Parsing 正在验证一个";“中断”;带有递归下降解析器的语句
在中,我们使用递归下降解析器实现了一种小型编程语言。除此之外,它还有以下声明:Parsing 正在验证一个";“中断”;带有递归下降解析器的语句,parsing,syntax,break,formal-languages,recursive-descent,Parsing,Syntax,Break,Formal Languages,Recursive Descent,在中,我们使用递归下降解析器实现了一种小型编程语言。
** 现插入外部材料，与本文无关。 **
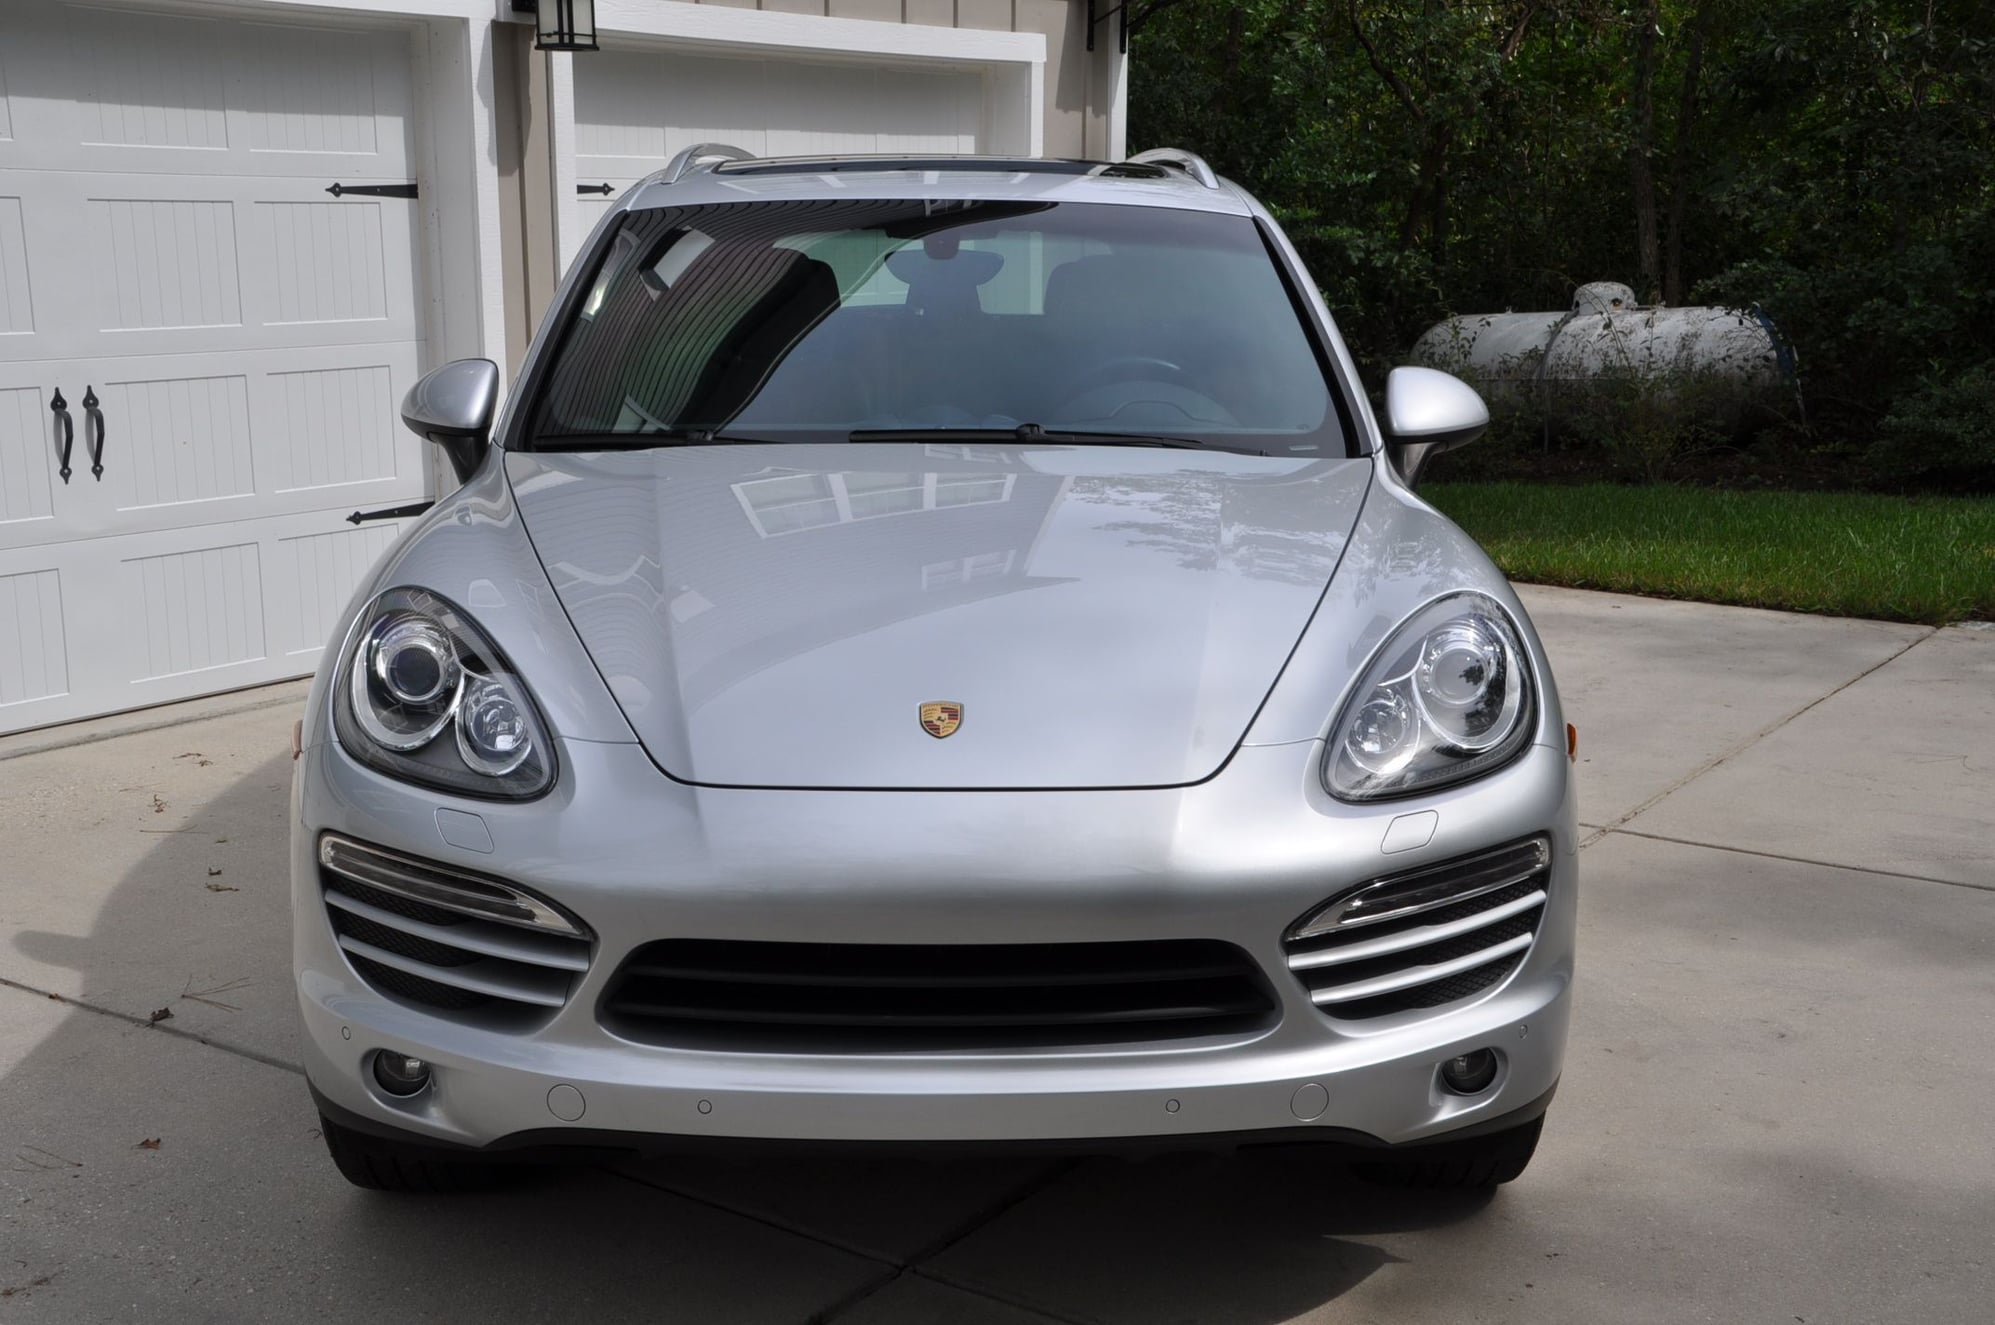 2013 Porsche Cayenne - 2013 Porsche Cayenne - rare manual transmission 6MT - Used - VIN WP1AA2A20DLA01259 - 42,970 Miles - 6 cyl - AWD - Manual - SUV - Silver - Wilmington, NC 28411, United States

除此之外,它还有以下声明: statement → exprStmt | ifStmt | printStmt | whileStmt | block ; block → "{" declaration* "}" ; whileStmt → "while" "(" expression ")" statement ; ifStmt → "if" "(
statement → exprStmt
| ifStmt
| printStmt
| whileStmt
| block ;
block → "{" declaration* "}" ;
whileStmt → "while" "(" expression ")" statement ;
ifStmt → "if" "(" expression ")" statement ( "else" statement )? ;
其中一个练习是学习语言。此外,将此语句置于循环之外应该是一个语法错误。当然,如果在循环中,它可以出现在其他块、if
语句等中
我的第一个方法是创建一个新规则,whileBody
,以接受break
:
## FIRST TRY
statement → exprStmt
| ifStmt
| printStmt
| whileStmt
| block ;
block → "{" declaration* "}" ;
whileStmt → "while" "(" expression ")" whileBody ;
whileBody → statement
| break ;
break → "break" ";" ;
ifStmt → "if" "(" expression ")" statement ( "else" statement )? ;
## SECOND TRY
statement → exprStmt
| ifStmt
| printStmt
| whileStmt
| block ;
block → "{" declaration* "}" ;
whileStmt → "while" "(" expression ")" whileBody ;
whileBody → statement
| break
| whileBlock
| whileIfStmt
whileBlock→ "{" (declaration | break)* "}" ;
whileIfStmt → "if" "(" expression ")" whileBody ( "else" whileBody )? ;
break → "break" ";"
ifStmt → "if" "(" expression ")" statement ( "else" statement )? ;
但是我们必须在嵌套循环中接受break
,if
条件等。我可以想象的是,我需要一个新规则来处理接受break
的块和条件:
## FIRST TRY
statement → exprStmt
| ifStmt
| printStmt
| whileStmt
| block ;
block → "{" declaration* "}" ;
whileStmt → "while" "(" expression ")" whileBody ;
whileBody → statement
| break ;
break → "break" ";" ;
ifStmt → "if" "(" expression ")" statement ( "else" statement )? ;
## SECOND TRY
statement → exprStmt
| ifStmt
| printStmt
| whileStmt
| block ;
block → "{" declaration* "}" ;
whileStmt → "while" "(" expression ")" whileBody ;
whileBody → statement
| break
| whileBlock
| whileIfStmt
whileBlock→ "{" (declaration | break)* "}" ;
whileIfStmt → "if" "(" expression ")" whileBody ( "else" whileBody )? ;
break → "break" ";"
ifStmt → "if" "(" expression ")" statement ( "else" statement )? ;
现在还不是不可行,但一旦语言发展起来,处理它可能会很麻烦。即使在今天,写作也很无聊,而且容易出错
我在和BNF规范中寻找灵感。显然,这些规范都不禁止中断
外部循环。我猜他们的解析器有专门的代码来防止这种情况。于是,我照做了
TL;博士
我的问题是:
break
语句break
命令break
语句虽然
不是唯一的循环构造,我使用了一种不同的方法来描述备选方案,包括在可能包含break
语句的非终端名称中添加\u B
declaration → varDecl
| statement
declaration_B → varDecl
| statement_B
statement → exprStmt
| ifStmt
| printStmt
| whileStmt
| block
statement_B → exprStmt
| printStmt
| whileStmt
| breakStmt
| ifStmt_B
| block_B
breakStmt → "break" ";"
ifStmt → "if" "(" expression ")" statement ( "else" statement )?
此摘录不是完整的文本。